= Excorporation =

Excorporation is the process through which mass cultural commodities are changed or remade into one’s own culture. The theory of Excorporation was popularized by sociologist John Fiske, in order to explain the ongoing struggle between the dominant and subordinate groups in popular culture.

==Definition==

The term excorporation was highlighted by sociologist John Fiske in his 1989 book, Understanding Popular Culture. Fiske states that excorporation is “the process by which the subordinate make their own culture out of the resources and commodities provided by the dominant system”. Fiske believes this idea to be central to the study of popular culture. He argues that in an industrialized world, the subordinated group has only the use of resources supplied to them by the dominant group from which to create their own subcultures and social commodities. In his theory, Fiske refutes the idea of folk culture, any sort of ‘authentic’ culture, saying that it does not exist in such a society. In other words, the subordinate deals with what is available. This requires the study of popular culture to not only look at the various cultural commodities, but the ways in which the individual uses them as well. Fiske sees the different uses of commodities to be most interesting. The excorporation of resources is generally more varied and creative than the original.

Fiske states that the subordinate’s ability to create originality and thus oppose the dominant “results in the producers having to resort to the processes of incorporation or containment”. By reincorporating the differences made by excorporation, the dominant group strips the subordinate group from any opposition that the latter may have created. This ensures the stability of the dominant system.

==Criticism==

Several sociological authors have criticized Fiske's theory of excorporation, primarily for its overarching simplicity and its unfocused basis.

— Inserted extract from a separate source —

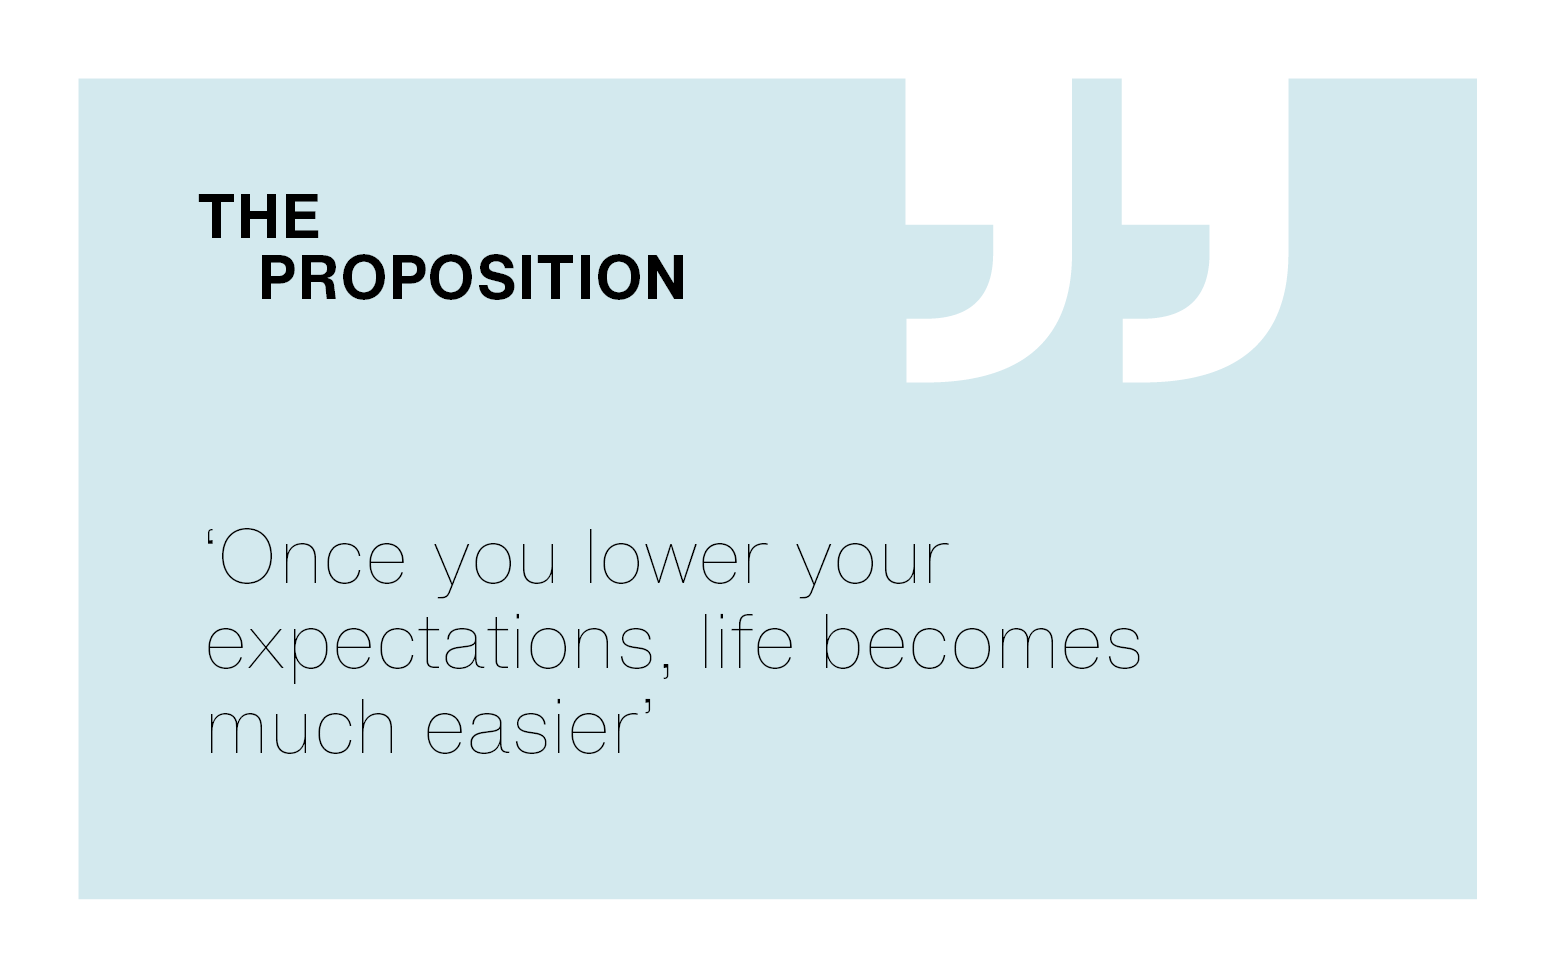 [The Proposition] ‘Once you lower your expectations, life becomes much easier’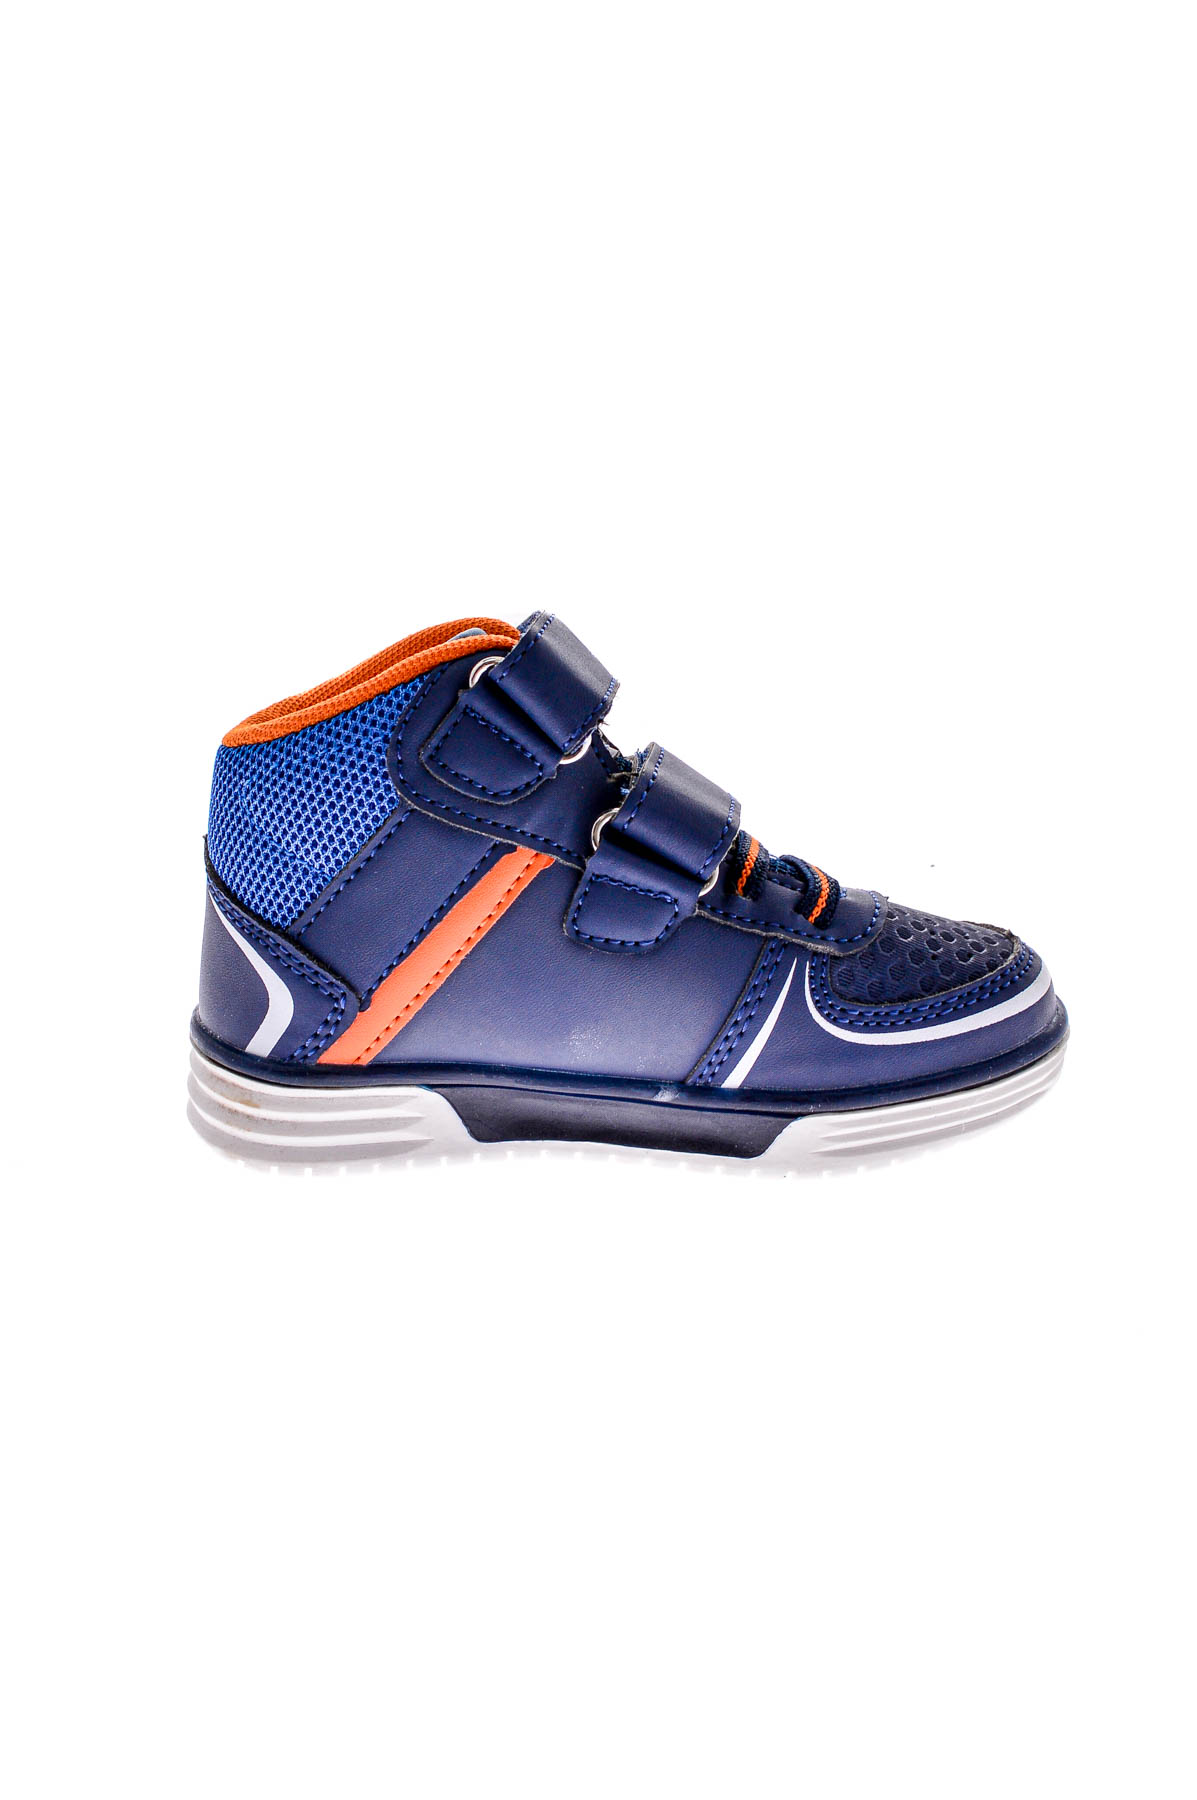 Kids' Shoes - SPACE JAM - 2

Deborah Cook, in her 1992 article "Ruses de Guerre: Baudrillard and Fiske on Media Reception" argues that excorporation is not necessarily a political or even meaningful activity, as Fiske claims. Under Fiske’s theory, the process of excorporating creates meaning, be it as simple as personalizing a commercial commodity. However, Cook argues that Fiske attempts "to locate resistance in a set of largely unconscious, unfocused, and apolitical activities...Fiske's analyses are undisciplined by any interpretive methods," therefore implying that not every act of excorporation necessarily contains meaning.

Ray Browne, of Bowling Green University, agrees with Cook's assertion, explaining that Fiske "looks upon popular culture as a portion of the life actions and fluids which constitute all of society, and in so doing, Fiske seems to limit the totality of culture, or to misunderstand it."

==Examples in Modern Society==

Blue denim jeans have become a product of excorporation. Levi Strauss was the founder of the garment. Strauss was a German Immigrant who immigrated to San Francisco during the California Gold Rush in 1853. He coined the blue denim jean due to a need from prospectors in the area for strong work pants in the mines. The material was used because it did not cause chafing, unlike the typical canvas pants that were worn during the time by workers.

Through the decades of the past century, the cultural meaning of blue jeans has changed. For example, the 1930s were the times of western films, propelling the character of the American cowboy and their Wrangler jeans into the public limelight. The 1940s resulted in jeans being introduced to the world based on the start of globalization and World War II. In the 1950s, denim became a popular garment that symbolized rebellion, such as in James Dean’s movie Rebel Without a Cause. During this time, some public schools in the United States banned students from wearing blue jeans.

The 1960s and the 1970s were the start of crafting jeans for individual taste, based on the fashion and social movements at the time. Examples of these include embroidered jeans, painted jeans, and psychedelic jeans. John Fiske describes this as “the raggedness is the production of the choice of the user; it is an excorporation of the commodity into a subordinates subculture and a transfer of at least some of the power inherent in the commoditization process.” In the 1980s jeans became designer fashion, labels such as Guess jeans. More recently, the focus on personalization of jeans includes finish, styles, cuts, shapes, aged, authentic, and vintage jeans. John Fiske is quoted as saying “the wearer of torn jeans is, after all, wearing jeans and not, for instance the Buddhist derived robes of the orange people."